Note: In the affine case, I believe the comorphism of $\varphi$ is
$$\begin{array}{rcl}
\varphi^*:k[X^{(1)}]&\longrightarrow&k[X]\\
a\otimes\lambda&\longmapsto&\lambda\cdot a^p
\end{array}$$
but I'd like to have a description of $\varphi$ independent of any affine covering.
Best Answer
The morphism $\phi$ you are looking for is called the absolute Frobenius morphism of $X$. It is the identity on points, and on regular functions it is given by $h\mapsto h^p$. The same for the arrow that you denote $f^\ast:\textrm{Spec }k\to \textrm{Spec } k$, which is the comorphism of $f:\lambda\mapsto\lambda^p$. You can verify easily that the absolute Frobenius commutes with every morphism of schemes over $k$, so if you call $\sigma$ the structure morphism of $X/k$, you get $f^\ast\circ\sigma=\sigma\circ \phi$. The universal property of $X^{(p)}$ gives you the morphism $X\to X^{(p)}$, called the relative Frobenius morphism of $X$.

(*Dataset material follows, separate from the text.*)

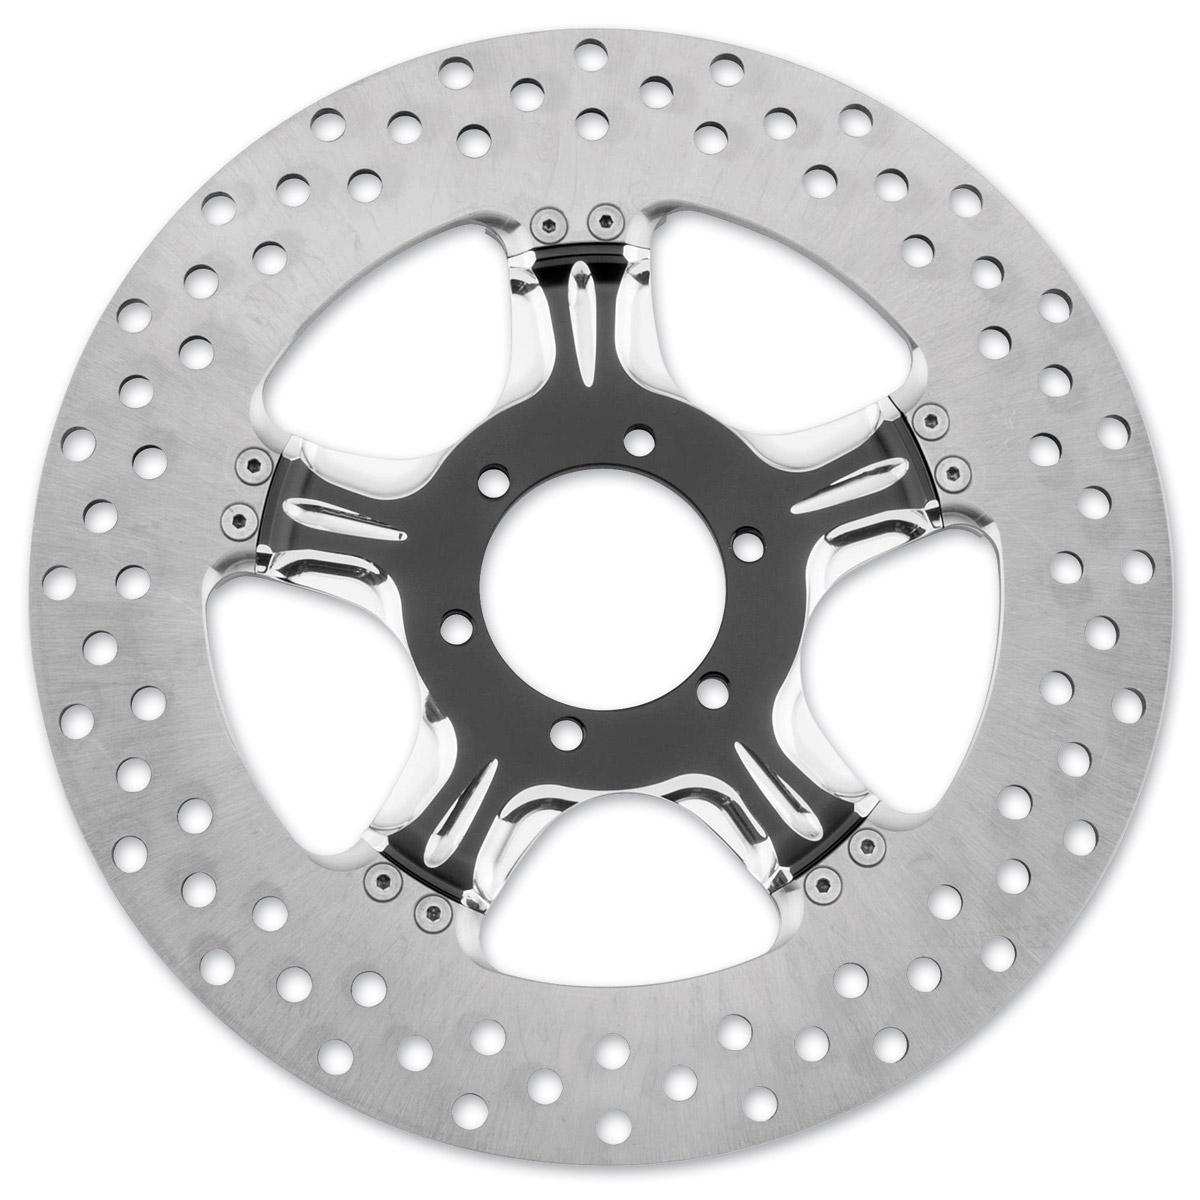 Performance Machine 11.8″ Wrath Contrast Cut Platinum Front/Rear Brake Rotor

If your variety $X$ is defined over $\mathbb F_p$, then the absolute and relative Frobenius coincide. (Indeed, the drawback of the absolute Frobenius is that it does not respect the usual $k$-algebra structure in general, unless $k=\mathbb F_p$; that's why we make the base change by $f$, and define the $k$-structure of $X^{(p)}$ through the second projection to $\textrm{Spec }k$, where this $k$ has the "modified" $k$-algebra structure, namely $\alpha.x:=\alpha^px$.)
If $X=\textrm{Spec }A$ is affine, then the relative Frobenius is the $k$-morphism corresponding to the morphism you mention at the end, namely $a\otimes\lambda\mapsto \lambda a^p$.